Как раз в этот миг в комнате, где лежала больная Бибикыз, раздались вопли.
— Не входите в дом! — взревел разъяренным львом Джавланкул. — Жена умирает… Совесть есть у вас или нет?!
— Я сам выну ее душу, — скрежетнул зубами Хамдамбай, — считай, к тебе сам Азраиль явился. Да-да, Азраиль, ангел смерти, который отнимет жизнь у всего твоего племени!
— Байбува, сжальтесь, моя-то вина в чем? Не время сейчас сводить счеты…
— Ах,
— Ты сам вор и убийца! — яростно выкрикнул Джавланкул, рванувшись. — Если Намаз-палван на кого и поднял руку, то на таких, как ты, грязных тварей, которые сосут нашу кровь и грызут наши кости, как шакалы! Не твой ли сын, змеиное отродье Заманбек, выкрал, чтобы обесчестить, нашу светлоликую Одинабиби?! Не он ли пытался заманить Намазбека в западню и заполучить за его голову золото?!
— Заткни глотку, подлец, не то пристрелю как собаку!
— Я тебе человеческим языком говорю, изверг: там жена моя умирает, а ты тут суд чинишь…
— Ты раньше нее умрешь, собака! Получай!
Хамдамбай, трясясь от злобы, поднял револьвер и, почти не целясь, выстрелил.
В последнее время бай всегда носил с собой оружие, но редко стрелял, а если и стрелял, то плохо попадал в цель. На этот раз, однако, пуля его не прошла мимо. Джавланкул резко дернулся, голова его упала набок.
— Отца уби-или! — прорезал воздух тонкий детский голосок.
Одновременно с этим криком грохнул выстрел со стороны хлева. Один из нукеров Мирзы Кабула подпрыгнул в седле, кулем свалился на землю. Другая пуля достигла второго джигита, который вместе с остальными товарищами погнал было коня в сторону ворот.
— Берегись, это Намаз!
Нукеры хакима, едва услышав грозное имя, в ужасе заметались, потом бросились врассыпную.
— Стой, трусы, назад! — взревел Хамдамбай, размахивая револьвером. — Назад! Никакого Намаза здесь нет! А если и есть, то очень хорошо! Не за ним ли мы сюда пришли?
Его спокойствие придало джигитам храбрости. Они повернули назад.
— Ты, Мирзо Кабул, проберись в сад, поддай оттуда, — командовал Хамдамбай, держась под прикрытием дувала, отделявшего двор от улицы. — Мы не уйдем отсюда, пока не уничтожим их всех. Даврбек, отомсти за брата, сынок, подожги дом.

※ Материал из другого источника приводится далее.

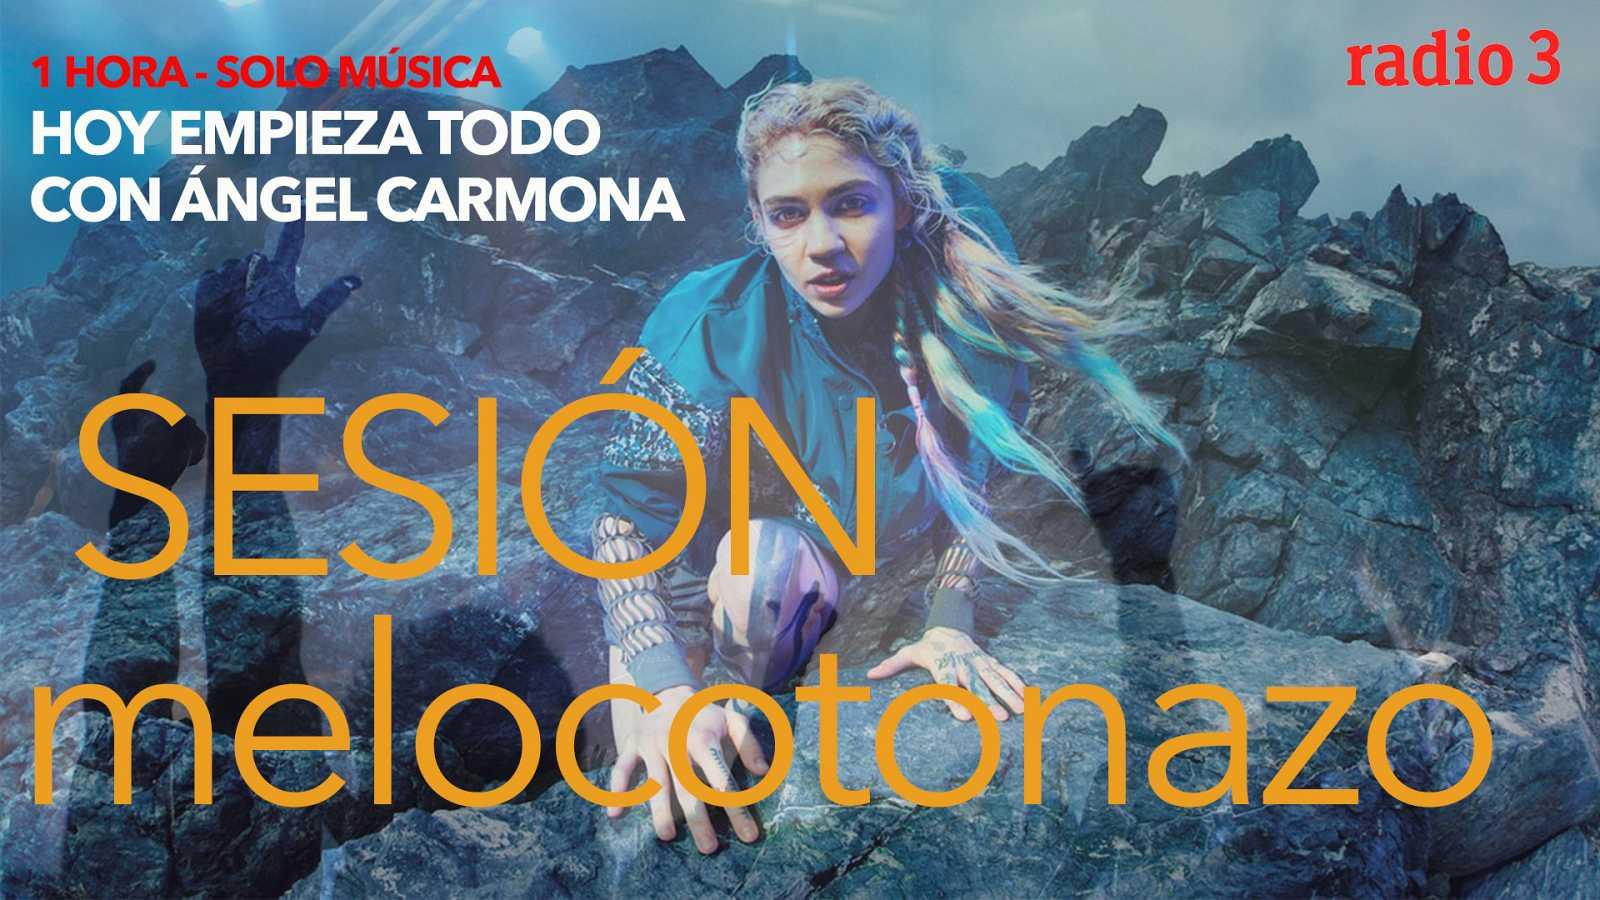 Hoy empieza todo con Ángel Carmona - #SesiónMelocotonazo: Arcade Fire, Grimes, Bjork... - 14/04/21 - escuchar ahora

Даврбек с готовностью кивнул отцу, но лезть под пули не спешил: едва кто высовывался, пули, срывавшиеся с крыши хлева, загоняли смельчаков обратно в укрытие.
Когда бай убил отца, Насиба и укрывшиеся с нею на крыше хлева сыновья Халбека Аман и Баротали разом выпалили в нукеров. Выстрелы слились в единый грохот. Баротали, который едва вступил в пору юности, еще винтовки в руках не держал. И, конечно, пуля его ушла зря. Насиба была прекрасным стрелком, прошла выучку у Намаза, но, когда увидела, как застрелили отца, была не в себе. И потому Хамдамбай, которого она держала на мушке, остался живым — ее пуля скосила кого-то другого.
Беспорядочные, но частые выстрелы нукеров, укрывшихся за дувалом, заставили Насибу приникнуть к крыше. Несколько пуль пролетели у самого уха, с шипением вошли в стог сухого клевера. Насиба уронила голову на гладко обмазанную глиной крышу, застыла на какое-то время. Из глаз ее ручьем бежали слезы…
Нет, глупо, конечно, самой лезть в руки врагов… И слезами, причитаниями теперь делу не поможешь… Случилось то, что должно было случиться. Надо защитить себя, спасти дом, всех своих. Собраться с мужеством и действовать с умом. Их на крыше трое. Самая меткая она, Насиба. А эти байские лизоблюды и ружье-то держать как следует не умеют, притом они на конях: верхом, известно, особо не прицелишься…
— Ты, Баротали, спустись в сад, — повернулась она к младшему из них. — Оттуда и переползи к вашим воротам, пока они не зашли с тыла. Будешь стрелять только в том случае, если захотят они увезти… отца. — У нее не повернулся язык сказать «труп отца». Ведь еще совсем недавно он был живой, а теперь — повис, привязанный к грушевому дереву, в каких-то десяти-пятнадцати шагах отсюда… и они не в силах ему помочь!
— Нет, апа-джан [48] , нет! — поднял на нее умоляющие глаза Баротали. — Я останусь с вами!..
48
Апа — сестра.
— Делай, как велят! — прикрикнула на него Насиба. — И ни в коем случае не стрелять. Слышишь? Если только они захотят забрать отца с собой…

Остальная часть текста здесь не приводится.